_WHAT THE TASK REQUIRES:_ The required answer is the data below, restated word for word with images omitted.

_DATASET EXCERPT:_
"""
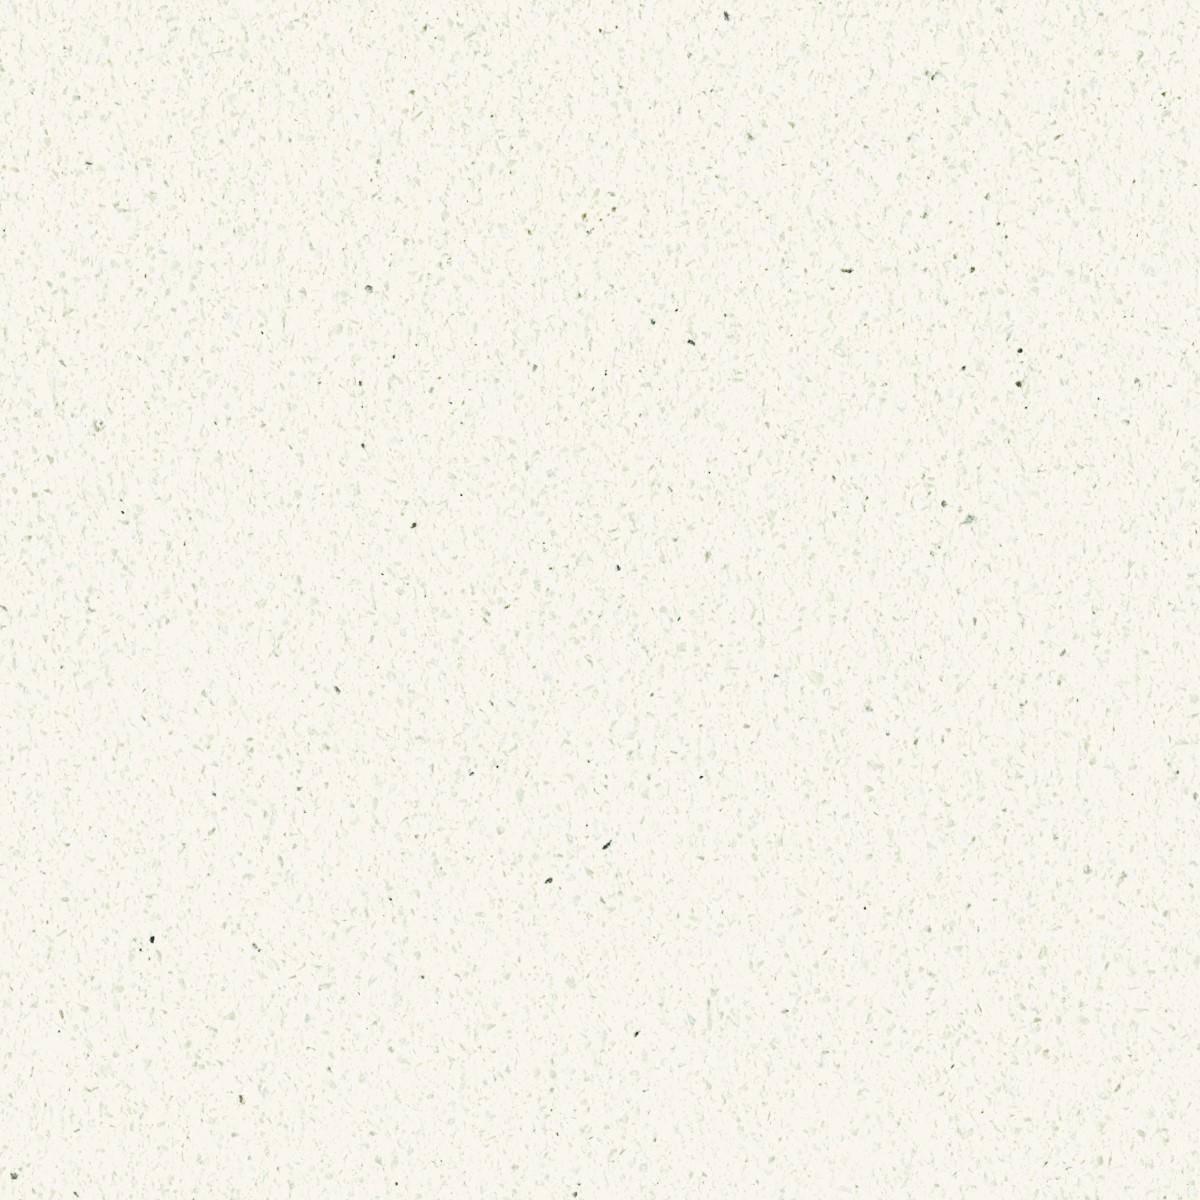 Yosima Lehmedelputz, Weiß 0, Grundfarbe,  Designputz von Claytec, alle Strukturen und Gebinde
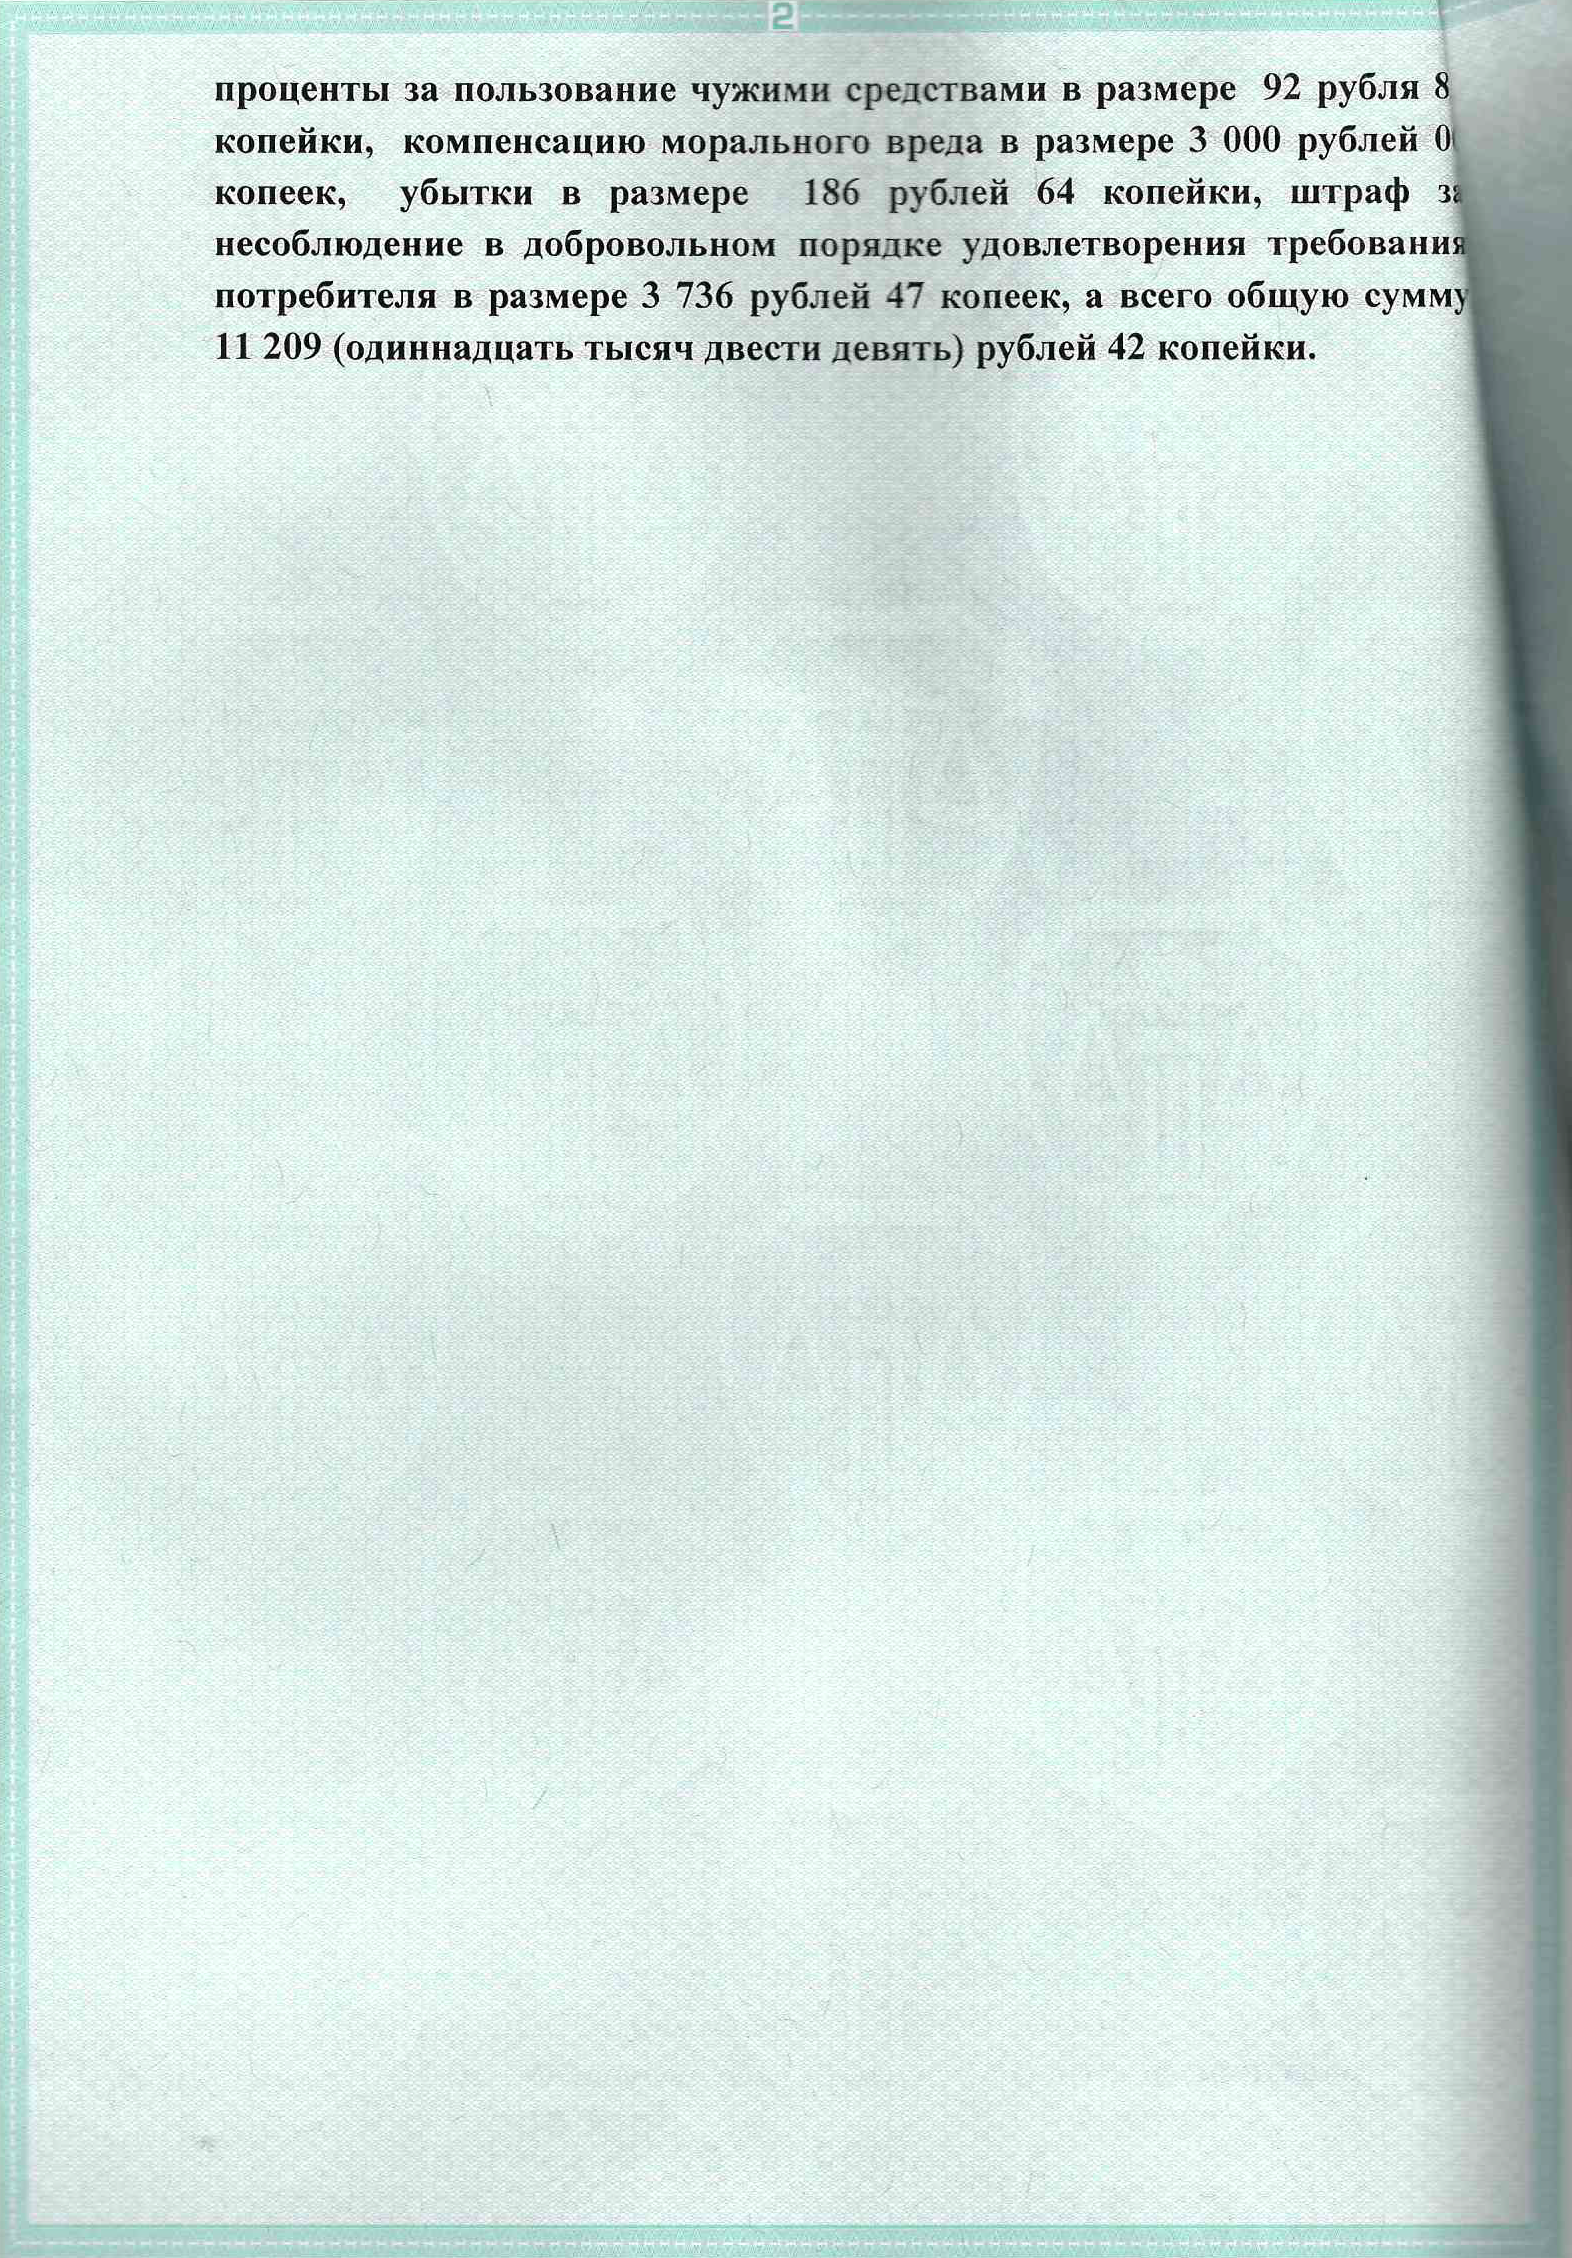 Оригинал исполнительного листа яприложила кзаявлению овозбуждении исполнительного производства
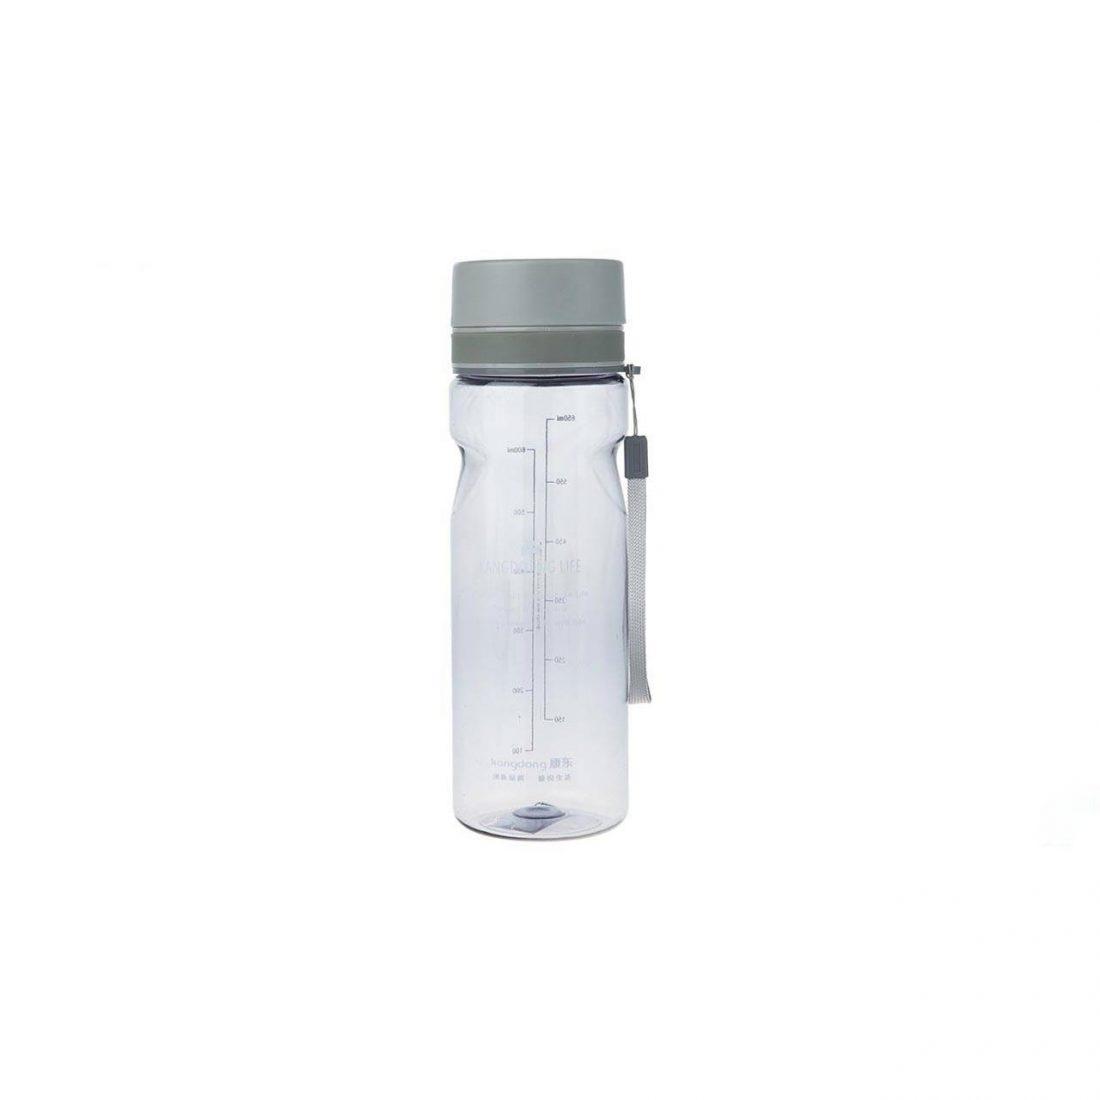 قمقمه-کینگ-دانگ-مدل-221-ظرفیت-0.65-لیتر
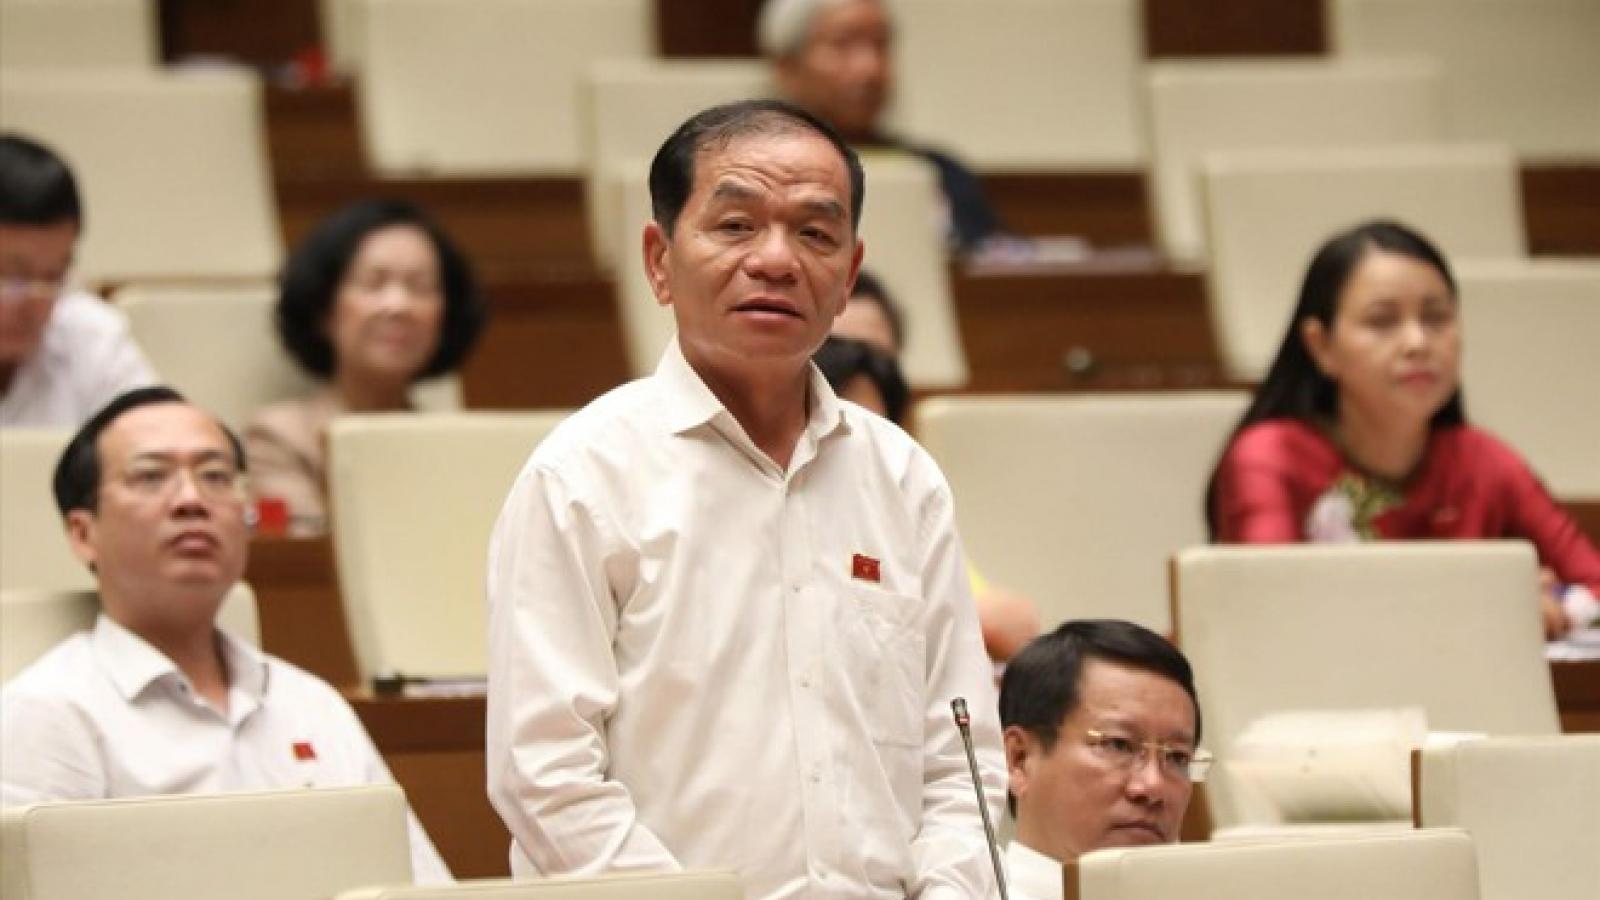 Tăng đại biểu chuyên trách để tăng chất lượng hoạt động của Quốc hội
"""
_COMPLETED TASK:_
 Yosima Lehmedelputz, Weiß 0, Grundfarbe,  Designputz von Claytec, alle Strukturen und Gebinde
 Оригинал исполнительного листа яприложила кзаявлению овозбуждении исполнительного производства
 قمقمه-کینگ-دانگ-مدل-221-ظرفیت-0.65-لیتر
 Tăng đại biểu chuyên trách để tăng chất lượng hoạt động của Quốc hội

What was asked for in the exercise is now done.